Как будто двадцать лет были всего-навсего очередным школьным днем. Одной большой контрольной, с которой я не справился. Училки – ну разве это не прелесть?
Я не двинулся с места. Она не сказала: «Не вставай». И я скорее бы сдох, чем доставил ей этот последний кусочек удовлетворения. Увидеть, как я встал и принялся умолять. Так что она еще резче могла бы повернуться на свои сто восемьдесят.
Как бы то ни было – проклят. Вот оно, слово: проклят. Осужден – дважды осужден теперь. Хуже, чем просто брошен. Или заменен. Если бы действительно кто-то другой... (Был или нет? Мне никогда не узнать.) Но быть осужденным – проклятым – и только...
Застегнула пальто, крутанула головой и одновременно вскинула ее, чтобы волосы легли как надо. Да, она и вправду от меня уходит. Все решено. Но откуда, спрашивается, она пришла – эта женщина в дверях? Как это я раньше ее не видел, как это я не знал, кто со мной живет? Она явно загубила свое призвание. Ей не детишек учить – она из более жесткого материала.
Когда в прошлый раз посылала мне, завтракающему, воздушный поцелуй?
Она стояла там как некая персона, завершающая официальный визит, – словно была в моей жизни всего-навсего визитершей.
Ею даже можно было восхищаться. Твердость, решительность. Такое же невольное восхищение, какое вызывали в прошлом некоторые, что бы они там ни совершили: полное присутствие духа, даже мускул не дрогнет, когда объявляешь им, что они арестованы.
Надо же, куда загнул. Ведь это я был у нее под судом.
Так что я не шевельнулся, даже стулом не скрипнул. Кажется, даже откусил кусочек тоста. Кроха гордости, которую мы успеваем ухватить, сползая с утеса в расселину.
Так или иначе, в какой-то момент все стало зависеть от нее. У меня не было довода, не было опоры. Она даже могла сделать так, чтобы из нас двоих ушел я – ушел, не имея никакой опоры. Но ей больше хотелось уйти самой, хлопнуть дверью (этот звук я через несколько мгновений услышал), показать мне спину. Она не желала оставаться там, где был мой запах.

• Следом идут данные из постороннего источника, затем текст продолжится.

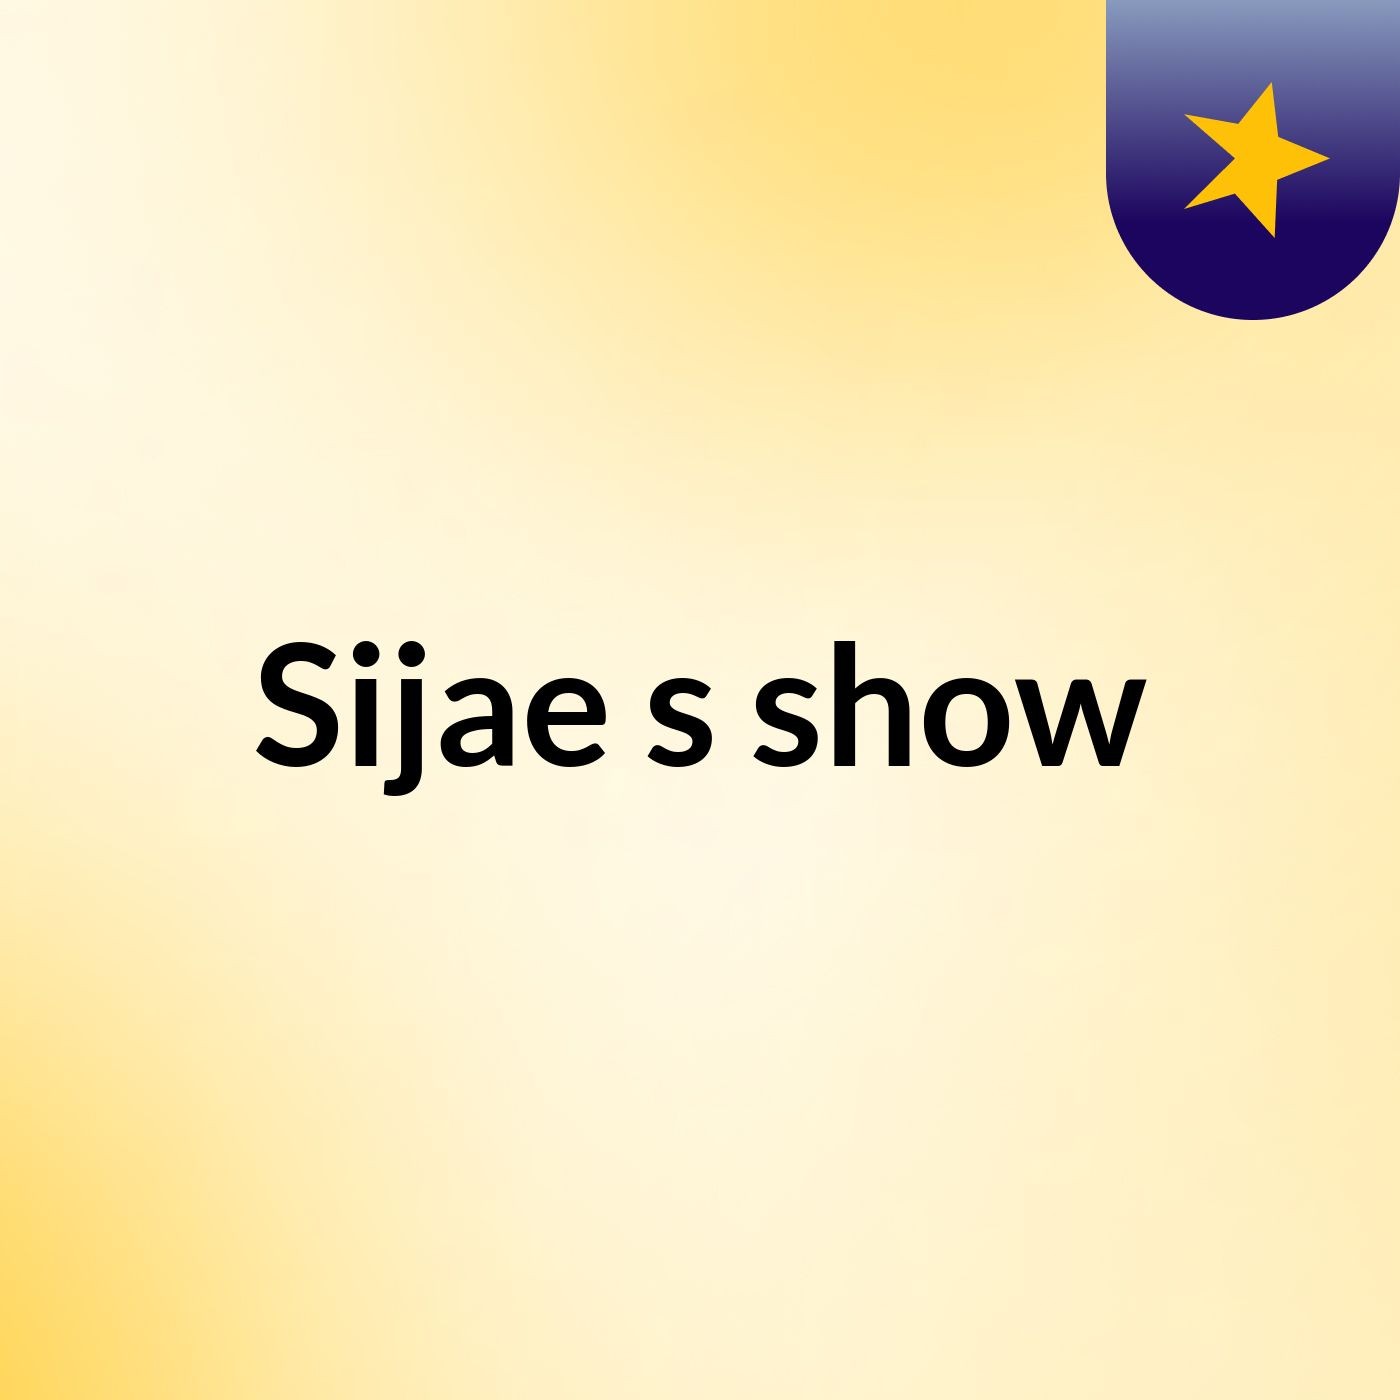 Sijae's show

Весь свой запах я мог теперь забрать себе. Чтобы не примешивался ни к ее общению с рядами прекрасных маленьких лиц, ни к ее гладкому прямому пути от должности заместителя к должности директора.
Хотя двадцать лет мы худо-бедно с ним прожили – с запахом, который я приносил со службы, с этим медленно, но верно ползущим запахом. Замужем за полицией, есть такое присловье, – за полицией и всем, что с ней связано. Но ведь запах – это запах, это все-таки еще не я.
Начать с чистой доски. С чистой утренней школьной доски в этот солнечный понедельник. Свежий белый мелок и свежая отважная улыбка – а я тем временем как сидел, так и сижу на кухне. Не на службе и каменно неподвижный.
Навсегда теперь не на службе...
Странное это стало, печальное, далекое слово – служба. Служебный. Сара сейчас заставила меня задумываться о словах. А раньше это просто была часть воздуха. «В ходе несения службы», «служебный рапорт», «служебные обязанности».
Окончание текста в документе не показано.